Ее саму зачаровывала пленительная линия подбородка и щек, мягко загибающаяся к мочке уха. Она понимала все удовольствие, которое зеркала дарят красивым. Ей не было чуждо тщеславие. В борделе они с другими девицами беспрерывно прихорашивались и наряжались, обмениваясь дурацкими комплиментами и завистливыми взглядами. Красота, может, и была средством их порабощения, но это было их единственное богатство, и они добивались ее, как пьяницы – вина и ликера. Отнимите ее, и люди станут высоко ценить свои горести. Если только не винить в них весь мир.

– Я знаю, что ты делаешь, – прошептала она существу по имени Сома.

– И что же я делаю?

Есть разные виды уверенности. Одна облачается в обноски, подобно Соме. И это существо погрязло в скверне глубже Мимары – мысль, которая никак не пришла бы ей в голову до встречи с ним здесь, вдали от остальных. Особенно лицо и шея, где вся кожа была покрыта пятнами и остатками еды…

Ее кожа.

– Подмена, – говорит она. – Шпионы Консульта, как правило, начинают работу со слуги или раба – того, кто позволяет им рассмотреть свою цель, познать манеры, голос и характер. И после тщательного изучения они начинают преображаться, принимая форму этого человека: лепить плоть, отливать кости, чтобы подготовиться к последующему убийству и замещению цели.

Существо приняло почти такой же истощенный вид, как и все идущие.

– Твой отец говорил тебе об этом?

– Да.

И растущий изгиб живота…

– Думаешь, я делаю вот это?

– А что еще ты можешь делать? – с внезапной резкостью спросила она.

Она покажет ему… красоту.

– Являешь свою красоту, – ответило существо.
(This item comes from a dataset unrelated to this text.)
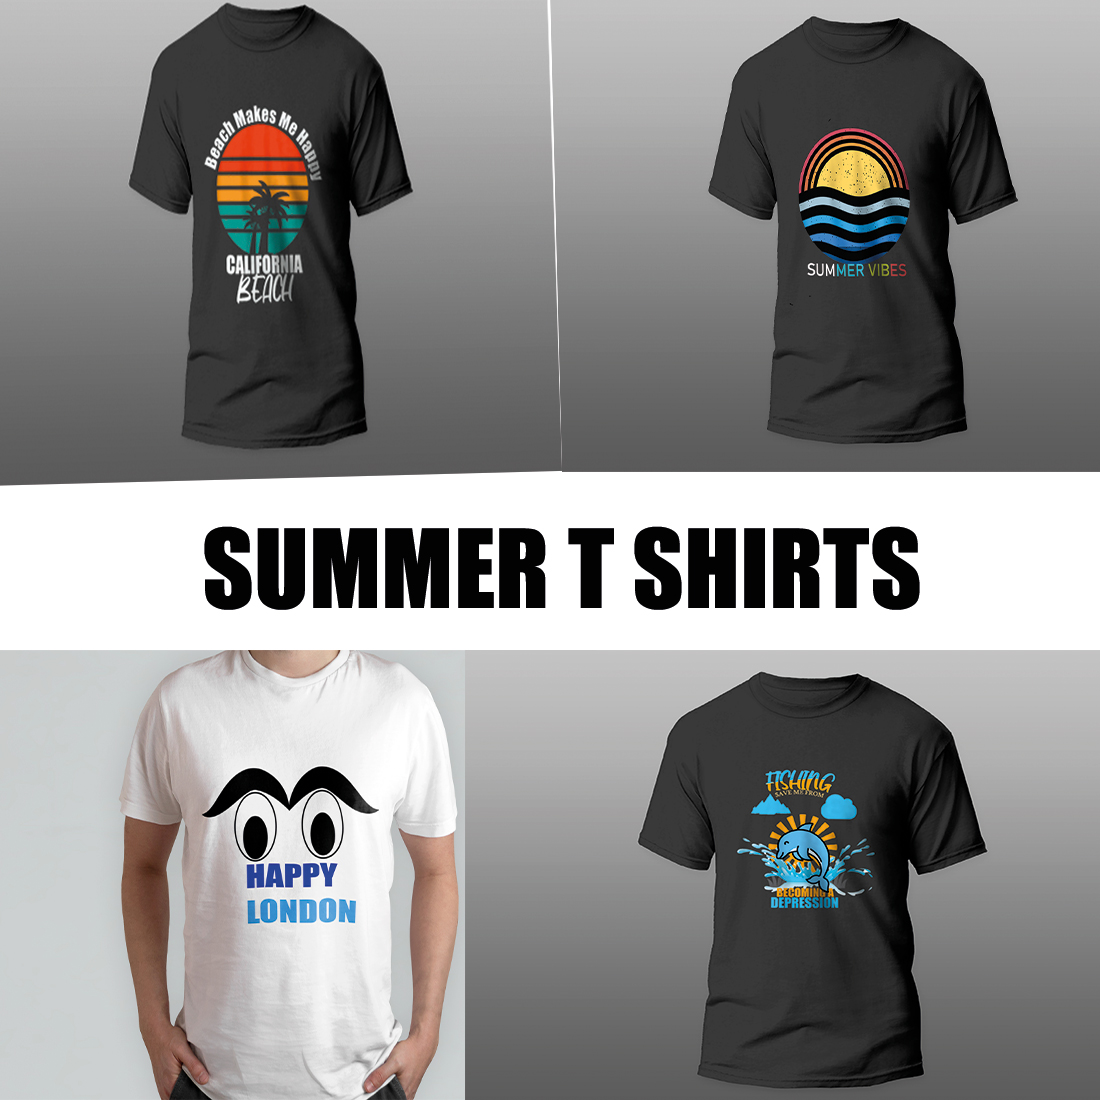 Vintage Style Summer T-shirts cover image.

– Нет, Сома. Не играй со мной в эти игры. Ты не можешь пропустить через себя ничто человеческое, потому что у тебя нет души. Ты не настоящий.

– Но я говорю. Как бы я мог говорить, не имея души?

– Попугаи тоже говорят. Ты просто очень способный попугай.

– Боюсь, что представляю из себя гораздо больше.

– Могу даже доказать это тебе.

– Сейчас?

Теперь она играет в игру, в которой задает много острых вопросов, решающих их судьбу. Каждую ночь она повторяет их, но почему-то теперь они кажутся… неуместными. Пожалуй, даже абсурдными, надуманными, оторванными от реальности, такими, которые задают заплывшие жиром жрецы голодным детям. Даже ключевой вопрос, только подумаешь о нем, как тело наливается свинцом от нежелания его задавать…

И все-таки нужно спросить, растормошить и потребовать ответа на неосторожные слова: «Что ты имел в виду, когда говорил, что Нелюдь пытается нас убить?»

Но Мимара не в силах.

И оно ведет себя соответствующе, избегая всякого проявления беспокойства.

Чтобы играть в игру с убийцами нечеловеческого происхождения.

– С тобой говорит человек, – начинает она с лукавой улыбкой. – Не верь ни единому моему слову, потому что я лгунья.

Она делает паузу, дожидаясь, пока звуки слов не стихнут в воздухе.

– Скажи мне, в чем здесь парадокс?

– В том, что странно обманщику говорить такое.

Этот ответ порождает маленькую вспышку ликования. В высшей степени удивительно быть свидетелем того, что изучал только абстрактно, а теперь видишь наяву, что дает очередное доказательство божественного происхождения отчима. Перед глазами у Мимары маячит ясное лицо аспект-императора, который говорит с ласковой улыбкой: «Помни, Мимара… Если боишься, просто задай этот вопрос…»

До встречи с ней у существа и вправду не было никакой души. Но весь ужас состоит в том, что это был… фарс.

– Вот мое доказательство.

– Как же ты докажешь?

Она чувствует, что притворяется кипящей водой, несмотря на то, что огонь давно погас, и все за столом поднимают холодные, как камень, чаши, причмокивают губами, изливая потоки благодарности за то, как чай согревает их души, а сами в это время вздрагивают от холода, наполняющего их внутренности.

– Парадокс может существовать только в душе, – объясняет она. – Поскольку истинное значение парадокса от тебя ускользает, ты можешь уловить смысл лишь непарадоксальных вещей. В данном случае, странных. Только душа способна постичь противоречивые истины.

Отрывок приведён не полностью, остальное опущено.